If u>0, show that a^u == 1 mod m if and only if e divides u.

It's easy to show that if e divides u, then a^u == 1 mod m.
I am having a hard time showing the other direction though.

One thing I think that might be useful in the proof is to multiply both sides of a^e == 1 mod m by a^(u-e) to obtain a^u == a^(u-e) mod m. If anyone has any hints, please let me know. Thanks.
• Oct 23rd 2009, 02:17 PM
tonio
Quote:

Originally Posted by jimmyjimmyjimmy
Hi, I don't know how to do math code or anything to make it look good, but bear with me please.

Given integers a and m,
Suppose a^e == 1 mod m (where == is the congruence sign, ^ raises to a power)
Suppose e is the smallest positive integer for which this is true.
If u>0, show that a^u == 1 mod m if and only if e divides u.

It's easy to show that if e divides u, then a^u == 1 mod m.
I am having a hard time showing the other direction though.

One thing I think that might be useful in the proof is to multiply both sides of a^e == 1 mod m by a^(u-e) to obtain a^u == a^(u-e) mod m. If anyone has any hints, please let me know. Thanks.

Hint: Euclidean algorithm. Divide u by e with residue: $\displaystyle u =xe + r\,,\,\,with\,\,\,r=0\,\,\,or\,\,\,|r|<e$

now raise a to the u=th power and use minimality of e...

Tonio
• Oct 23rd 2009, 02:23 PM
proscientia
I’m not sure if the Euclidean algorithm works here (but I could be wrong).
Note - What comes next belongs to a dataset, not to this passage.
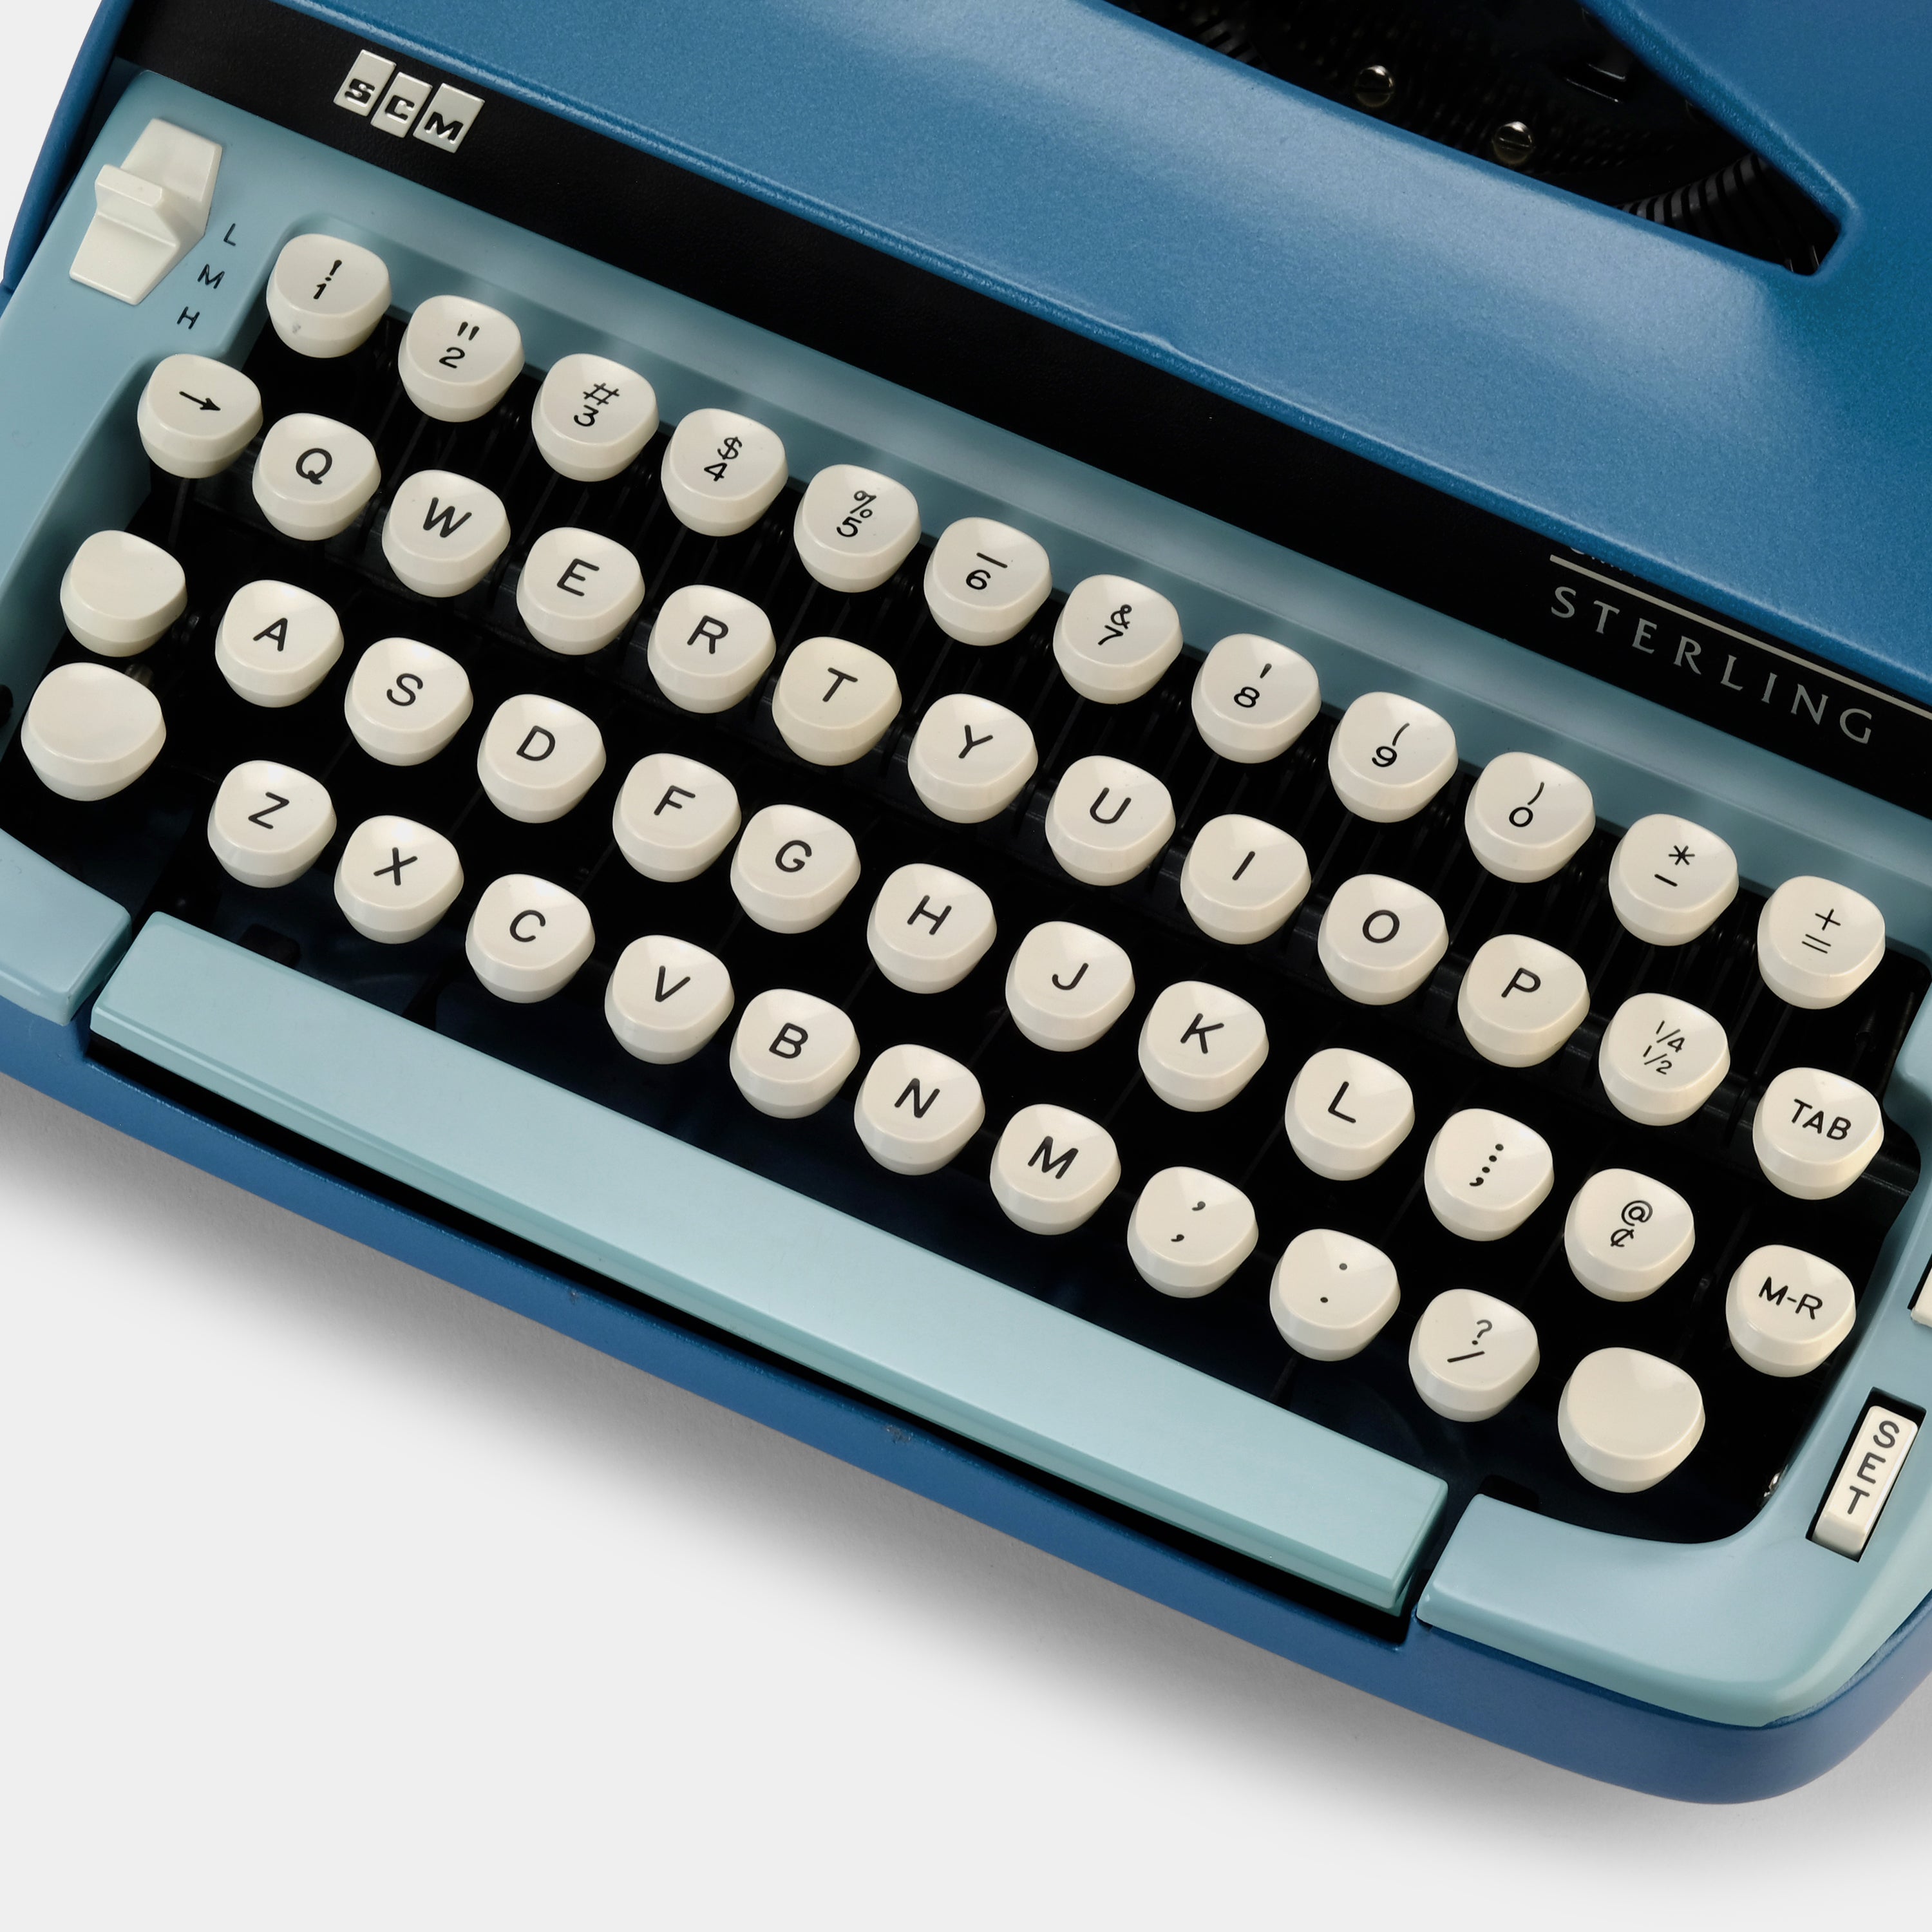 Smith-Corona Sterling Sky Blue Manual Typewriter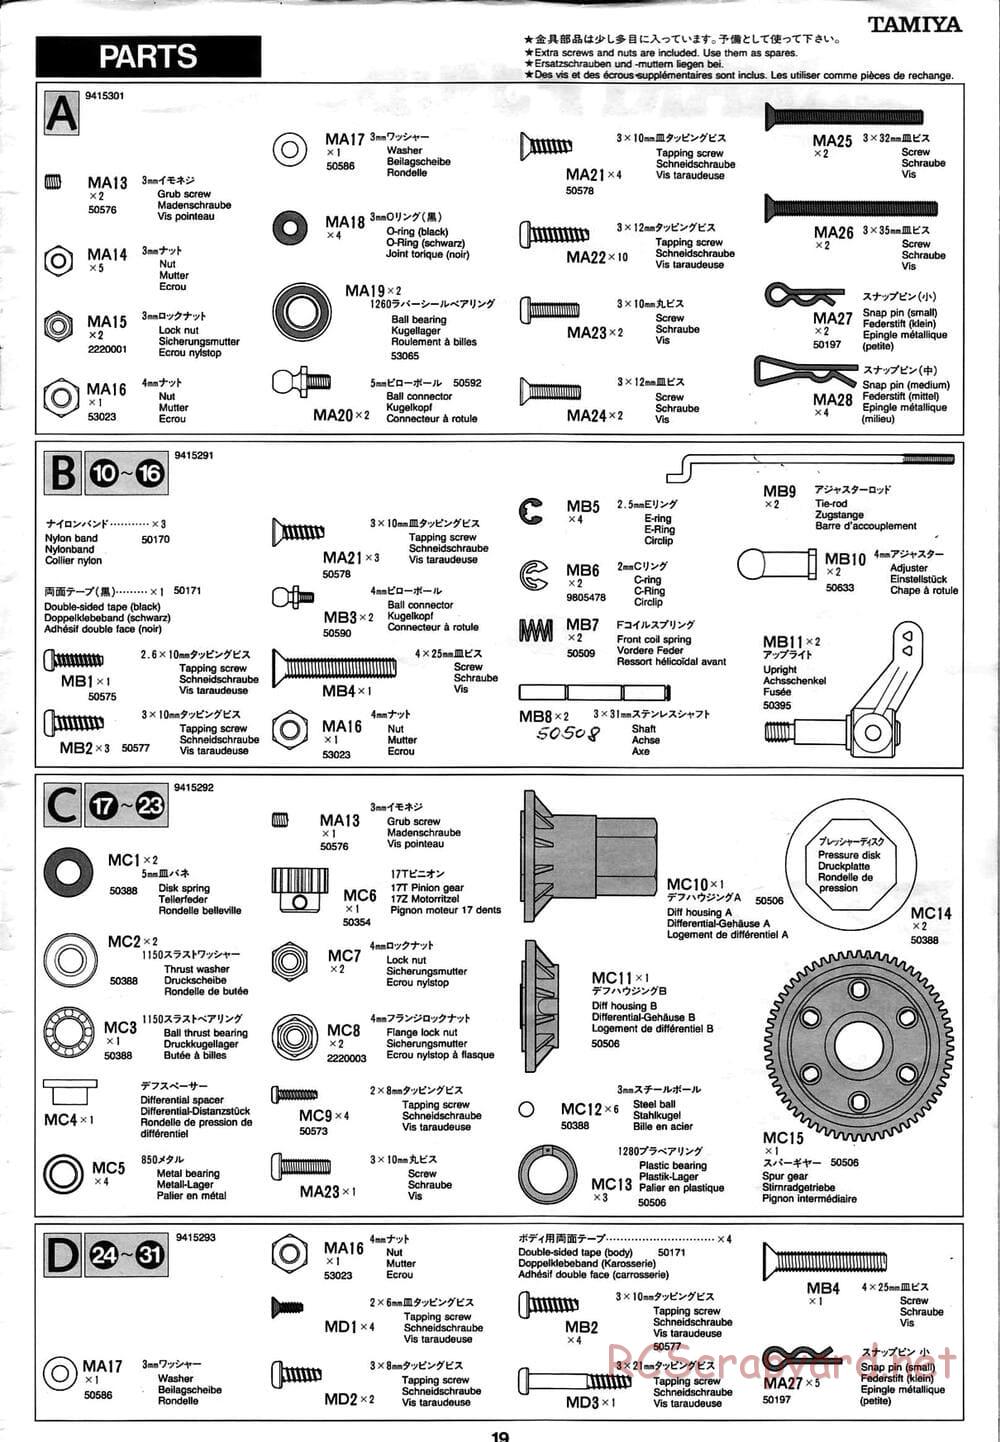 Tamiya - Ferrari F310B - F103RS Chassis - Manual - Page 19

Do you know group theory? The problem is very simple if you consider the multiplicative group $\displaystyle \mathbb Z_m^\times$ of the units of the ring $\displaystyle \mathbb Z_m$ of integers modulo $\displaystyle m.$ Then if $\displaystyle e$ is the smallest positive integer such that $\displaystyle a^e\equiv1\pmod m,$ this means $\displaystyle a\in\mathbb Z_m^\times$ has order $\displaystyle e$ in $\displaystyle \mathbb Z_m^\times$ – and the rest is just group theory.
• Oct 23rd 2009, 04:14 PM
tonio
Quote:

Originally Posted by proscientia
I’m not sure if the Euclidean algorithm works here (but I could be wrong).

Do you know group theory? The problem is very simple if you consider the multiplicative group $\displaystyle \mathbb Z_m^\times$ of the units of the ring $\displaystyle \mathbb Z_m$ of integers modulo $\displaystyle m.$ Then if $\displaystyle e$ is the smallest positive integer such that $\displaystyle a^e\equiv1\pmod m,$ this means $\displaystyle a\in\mathbb Z_m^\times$ has order $\displaystyle e$ in $\displaystyle \mathbb Z_m^\times$ – and the rest is just group theory.

$\displaystyle u=xe+r \Longrightarrow 1=a^u=a^{xe+r}=\left(a^e\right)^xa^r=a^r \Longrightarrow r=0$ $\displaystyle by\,\,minimality\,\,of\,\,e\,\,\Longrightarrow e \mid u$ and we're done, and no group theory at all was needed.

Tonio